In the beautiful passage that I read, their deep poverty abounded unto their liberality [2 Corinthians 8:2]. And one other: in Hebrews 7:8, "Here men that die receive tithes"; referring to the Levitical priesthood, "but there he receiveth them, of whom it is witnessed that he liveth," in the passage referring to our Lord Jesus Christ, who is a priest forever after the order of Melchizedek. "There he receiveth tithes, of whom it is witnessed that he liveth," thus, the presentation of our giving to God in the Old Testament and in the New Testament.

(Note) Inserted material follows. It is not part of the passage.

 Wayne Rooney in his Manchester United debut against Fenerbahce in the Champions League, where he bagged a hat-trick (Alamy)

The early church, as we continue beyond the days of the Bible, the early church beautifully followed the spirit of our Lord. I have here a sentence out of the Apology of Aristides, addressed to the emperor Hadrian in 135 AD. He wrote to the Caesar, talking about us Christians back there, "If there is any among them that is poor or needy and they have not, the others fast two or three days," shows you how poor they were in the beginning, "they fast two or three days that they may supply the needy with necessary food." Isn’t that a beautiful thing that a man could write to the Roman Caesar describing thereby those early Christians? Tertullian of Carthage, he flourished about 199 AD. He invited the rulers of the Roman world to examine the practice of Christians. And this is what he said:
We have a treasure chest. We have a treasury in the church. Each one puts in. There is no compulsion. They are all voluntary. These gifts are, as it were, pieties deposit food. They are taken thence to supply the wants of boys and girls destitute of means and of parents. Such too, as have suffered shipwreck or have been banished to islands or shut up in the prisons for nothing but their fidelity to the cause of God’s church. They become the nurslings of their confession.

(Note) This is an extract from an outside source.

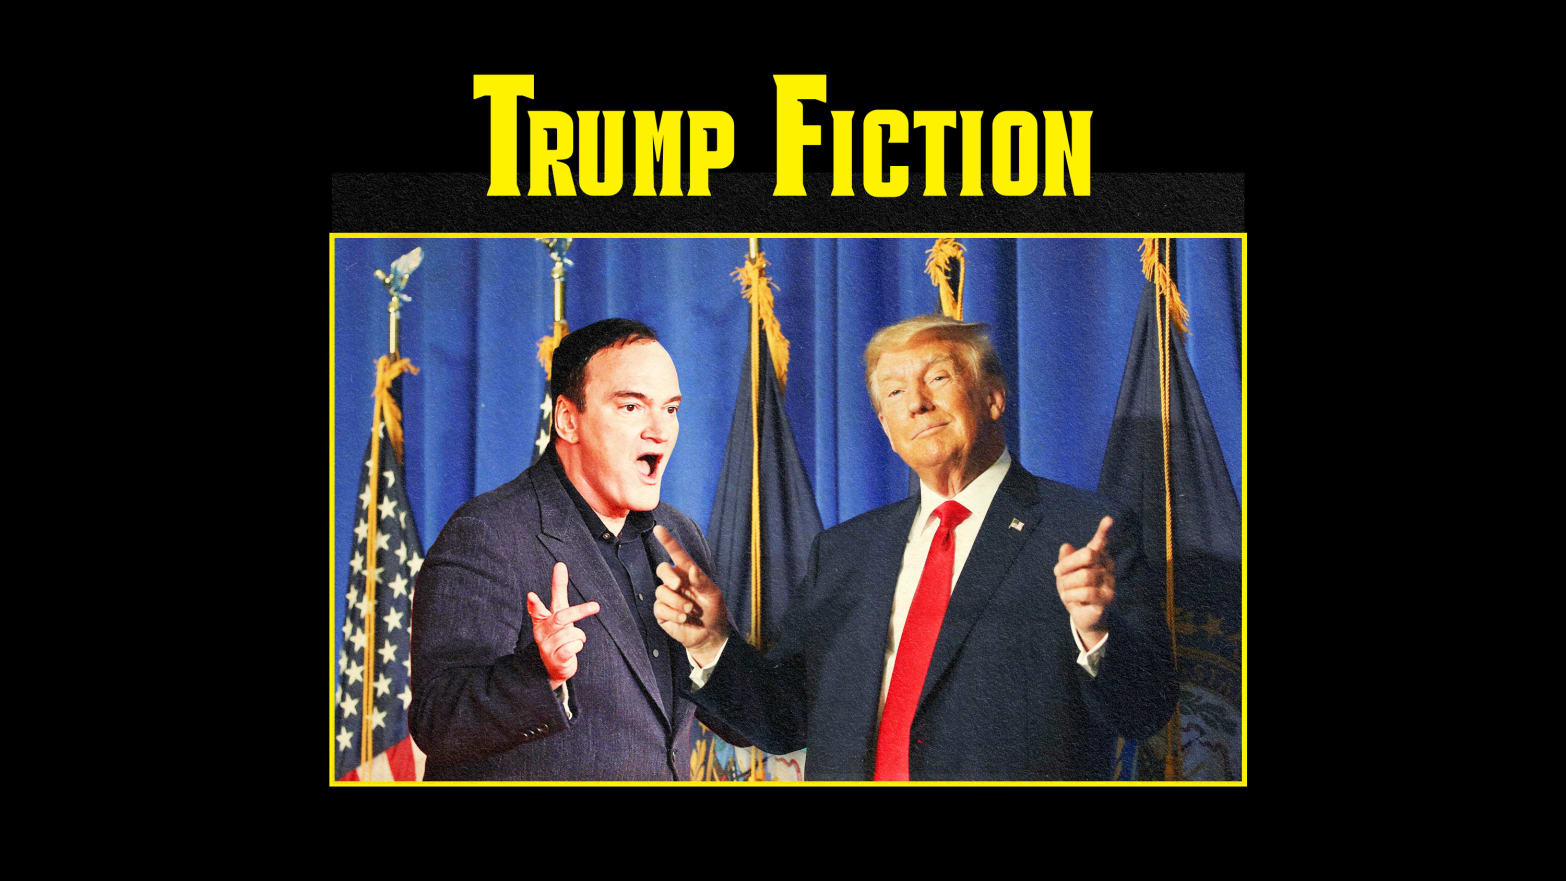 A photo illustration recreating the Pulp Fiction poster with Donald Trump and Quentin Tarantino

Isn’t that a great thing? Tertullian was the greatest of the Latin fathers. He was a lawyer, never a preacher, but the greatest apologist-defender of the faith of those early centuries. "They become the nurslings of their confession."

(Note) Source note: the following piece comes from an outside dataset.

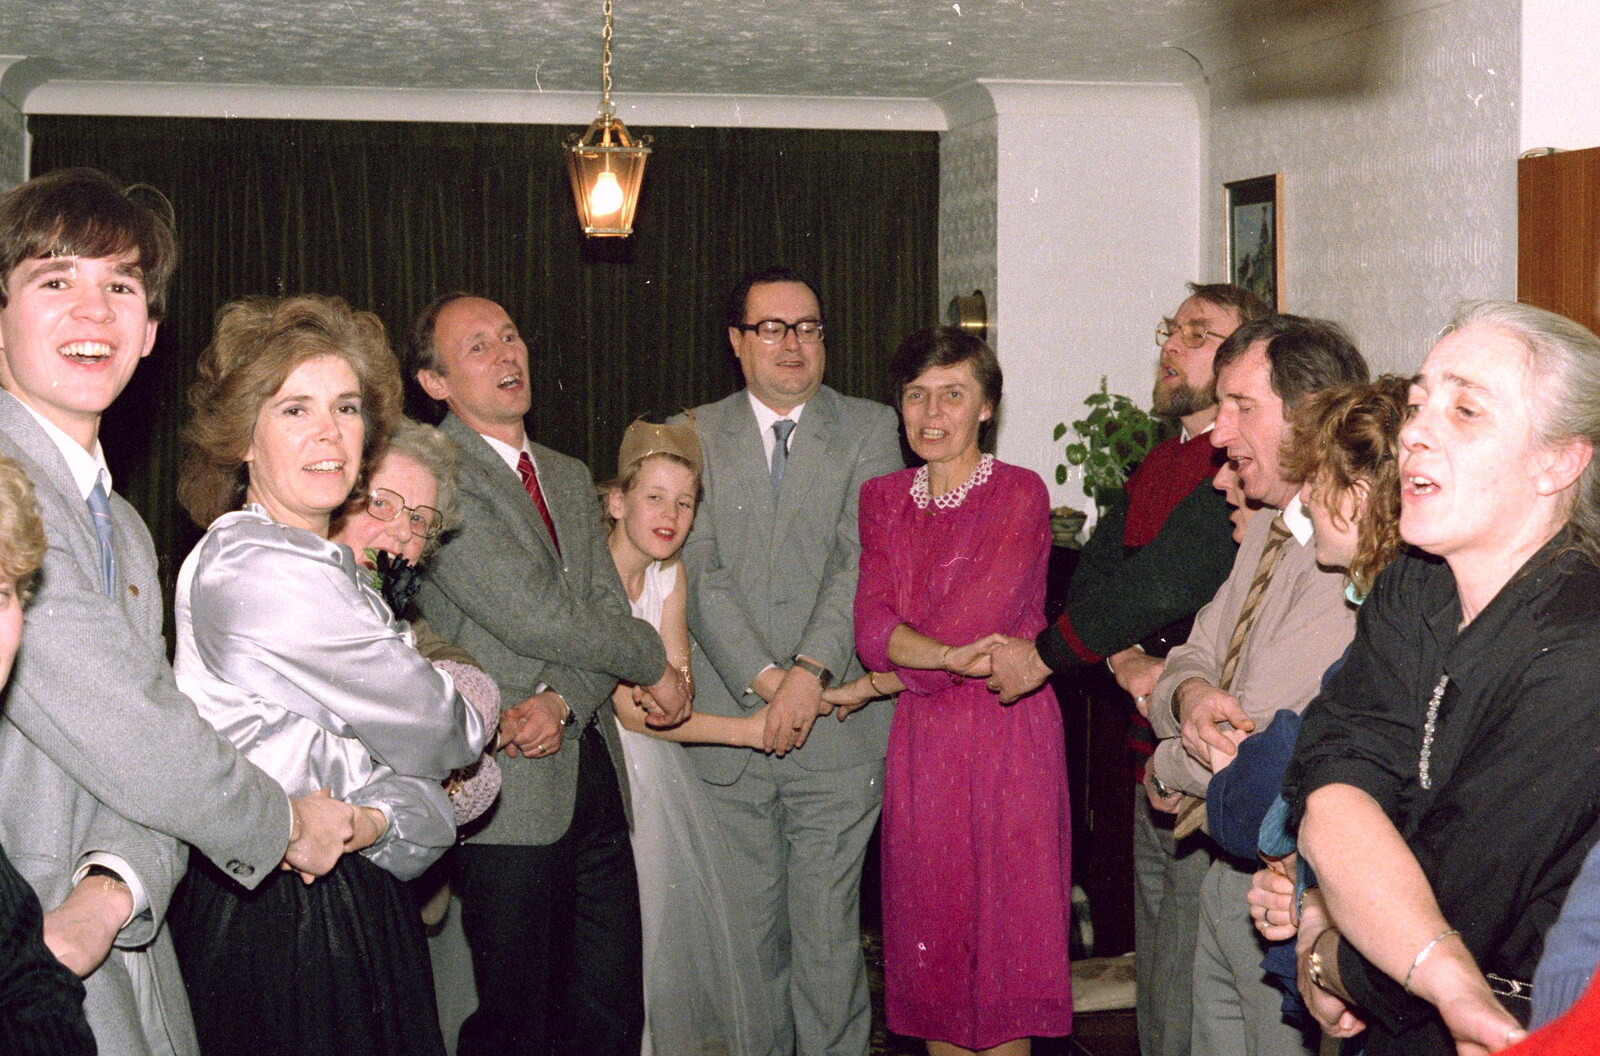 More Auld Lang Syne from New Year's Eve at Anna's, Walkford, Dorset - 31st December 1985

Irenaeus, as you know, flourished about 170 AD. Irenaeus believed that Christ had set the example of the firstfruits, when He took bread and the fruit of the vine at the Last Supper, urging us to give of the firstfruits. He wrote, "We are bound therefore to offer to God the firstfruits of His creation," and he was contrasting the law-centered motives of the Jews with the motives of the Christian, and he wrote, "Those who have received liberty and have the hope of better things will not give less than the tithe, but will set aside all their possessions for the Lord’s purposes."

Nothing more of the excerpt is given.